It is legitimate to make a _distinction_ between biblical theology and systematic theology, as between two different disciplines. It is not legitimate to make a _dichotomy_ between the two, as if the two disciplines produce conflicting conclusions from Scripture. The study of biblical theology is diachronic (through history), while the study of systematic theology is synchronic (fixed in history).

"Biblical theology" used as a phrase does not simply mean theology that is biblical, or according to the Bible. Instead, it refers to a particular discipline--the study of salvation as it progresses, unfolds, and develops through history, in Scripture. This way of looking at Scripture seems particularly well-suited to the approach taken by covenant theology. God's covenants are not static; there is true development from Eden, to post-fall, to Noah to Abraham, to Sinai, to David, and to Christ. The religion of Isaiah was not identical to the religion of Moses--while the two shared the same religion _in essence_, there have been real differences and changes. Biblical theology, in part, is the attempt to recognize those differences. Some of the big names in this discipline whom I know of are Geerhardus Vos, Richard Gaffin, and Meredith G. Kline.

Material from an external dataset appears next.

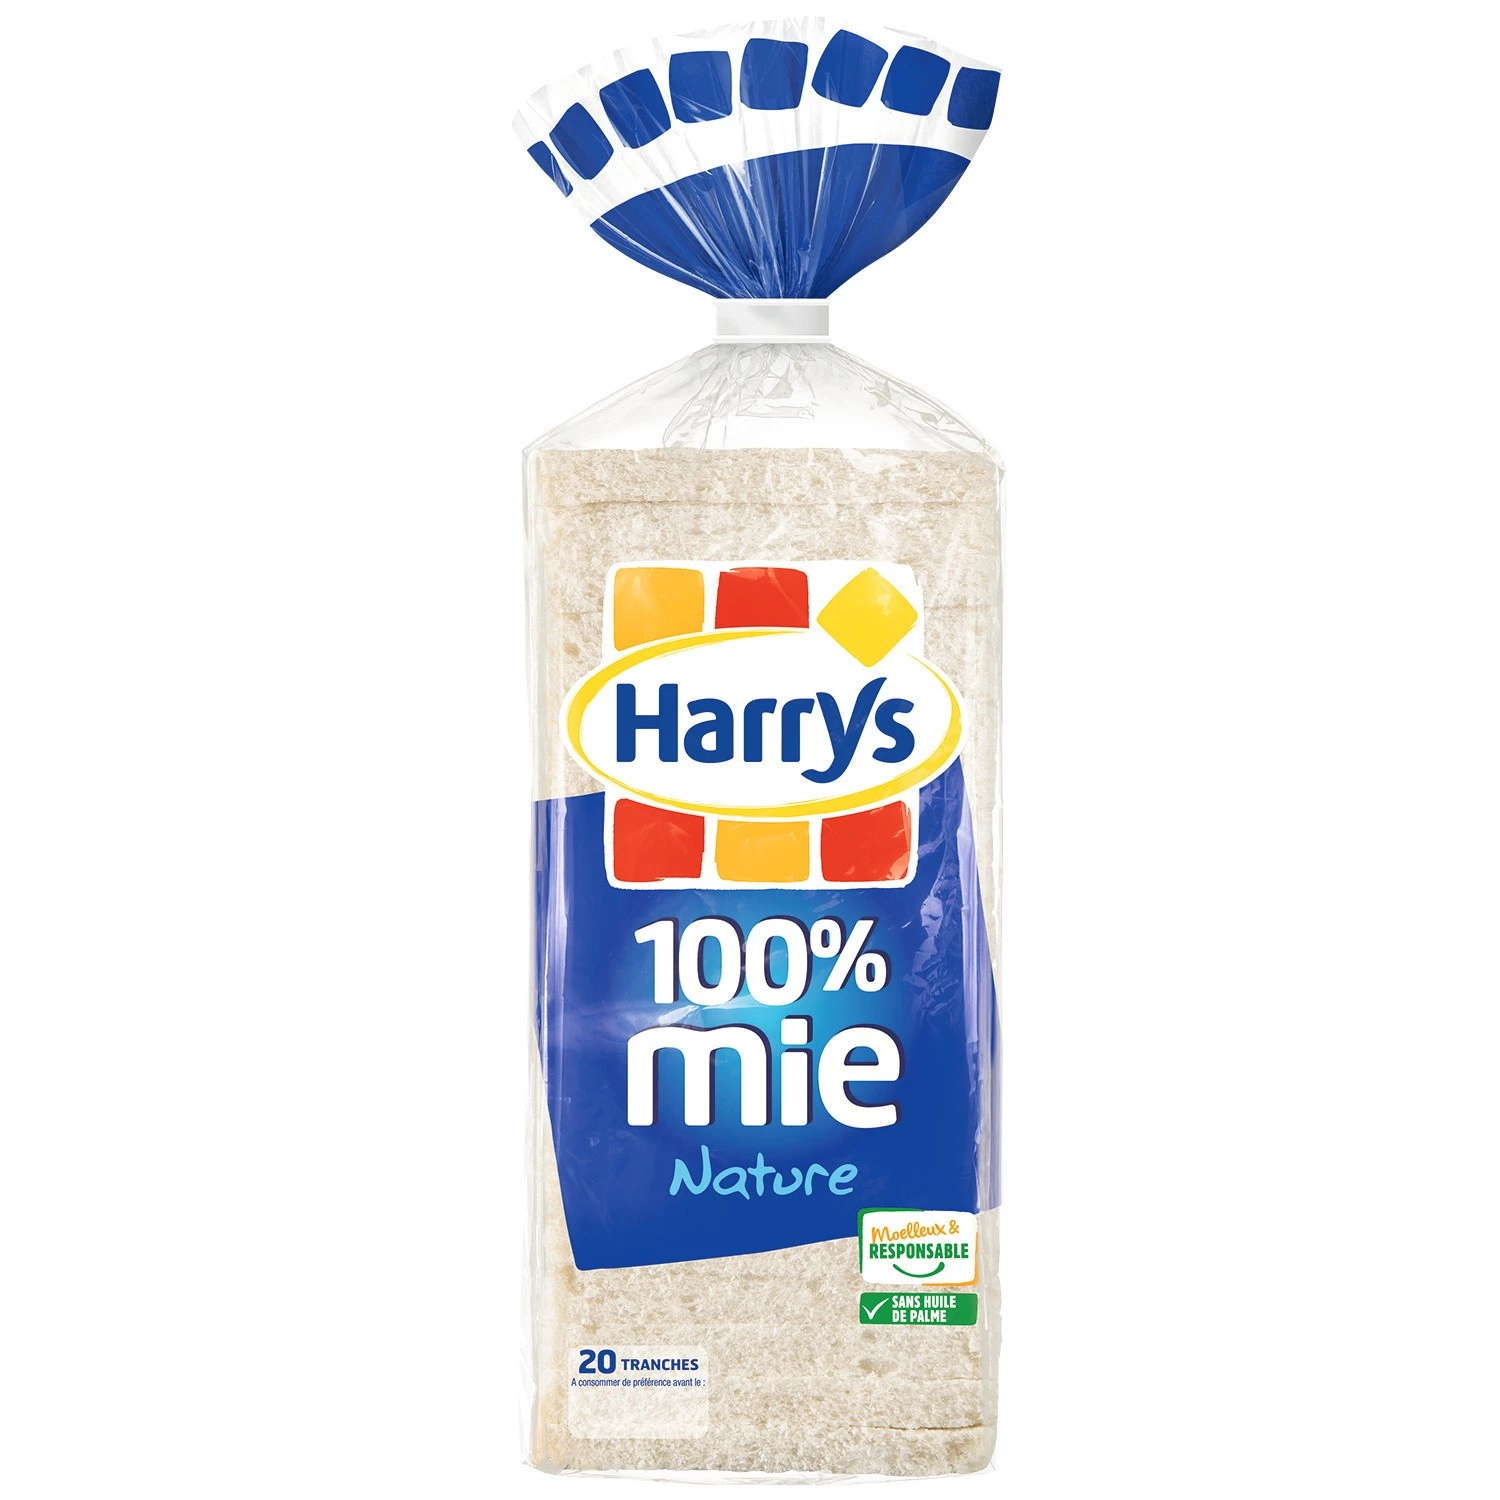 Einfaches Brot ohne Kruste x20 500g - HARRY'S

Systematic theology, on the other hand, is arranged topically. We try to interpret the teaching of Scripture on a particular topic, like "sin" for example. This takes more than simply going through a concordance and looking up "sin" and then comparing all the passages. Of course, that may be a good starting point, but it is important to realize that this is only part of the task of systematic theology. We recognize that Scripture makes theological statements about "sin" even when the specific words for "sin" are not found explicitly in the text.

While liberals at Princeton were trying to pit the conclusions of biblical theology and systematic theology against one another, Vos came on to the scene and showed 'em wrong. Anytime anyone tries to suggest that these two disciplines produce conflicting conclusions, be skeptical.

Brian


----------